New forms of poetry rarely
made their appearance in the T'ang period, but the
existing forms were brought to the highest perfection. Not until the very end
of the T'ang period did there appear the form of a
"free" versification, with lines of no fixed length. This form came
from the indigenous folk-songs of south-western China, and was spread through
the agency of the filles de joie in the tea-houses.

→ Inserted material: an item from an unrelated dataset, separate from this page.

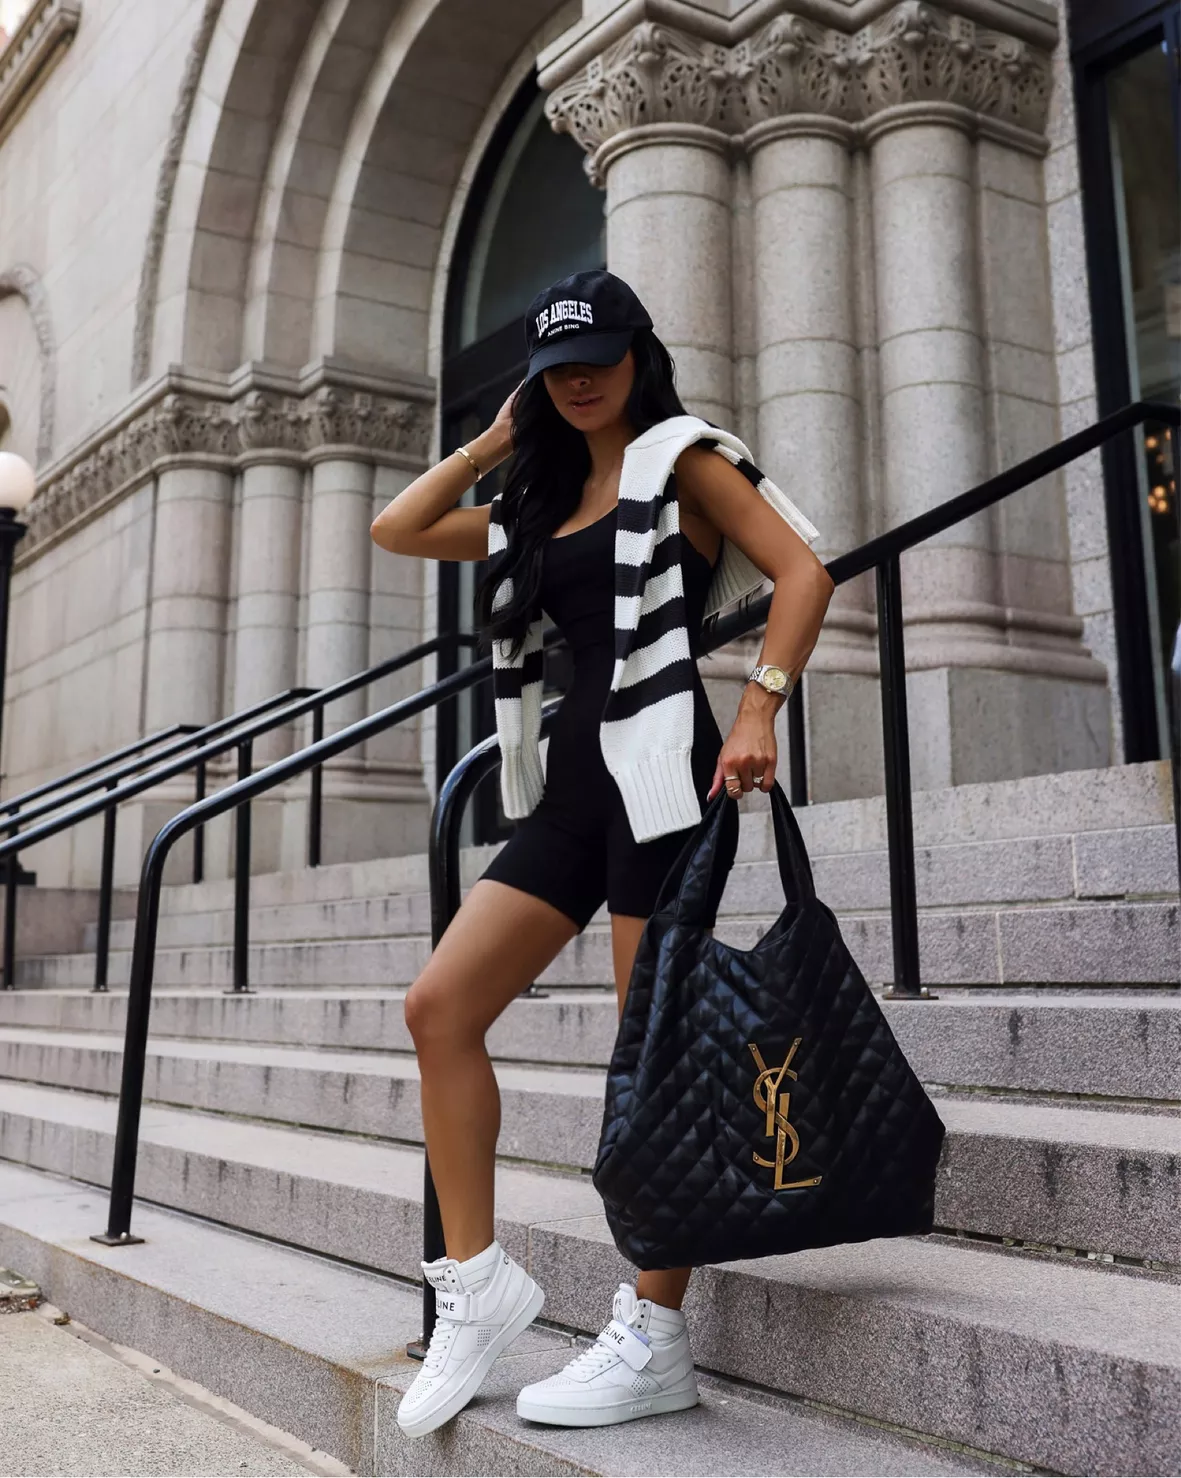 YSL Lou camera bag, bodysuit, neutral outfit, felt hat #LTKitbag  #LTKstyletip #LTKunder100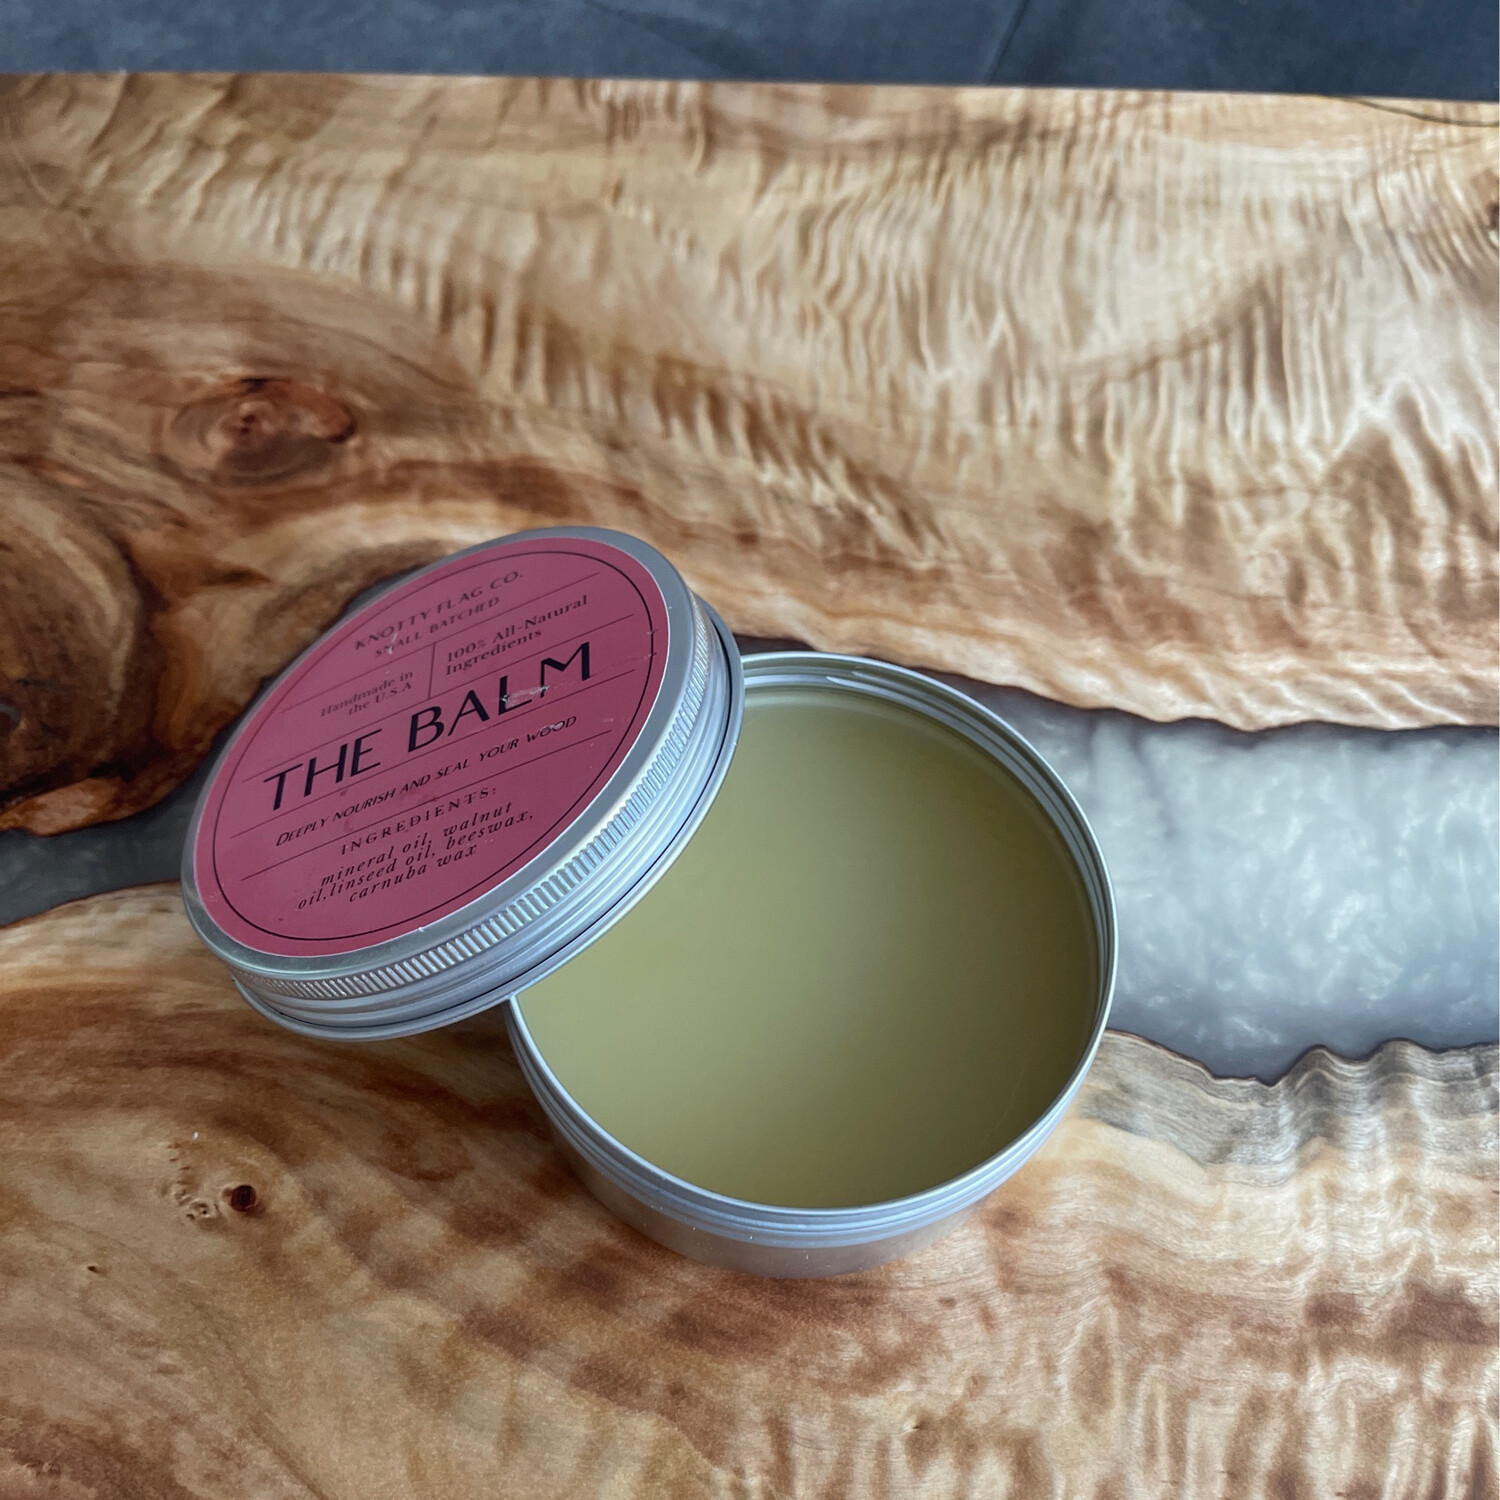 “ The Balm “ Wood Wax Butter

Before long it became the custom to string such songs together in a continuous
series—the first step towards opera. For these song sequences were sung by way
of accompaniment to the theatrical productions. The Chinese theatre had
developed from two sources—from religious games, bullfights and wrestling,
among Turkish and Mongol peoples, which developed into dancing displays; and
from sacrificial games of South Chinese origin. Thus the Chinese theatre, with
its union with music, should rather be called opera, although it offers a sort
of pantomimic show. What amounted to a court conservatoire trained actors and
musicians as early as in the T'ang period for this
court opera. These actors and musicians were selected from the best-looking
"commoners", but they soon tended to become a special caste with a
legal status just below that of "burghers".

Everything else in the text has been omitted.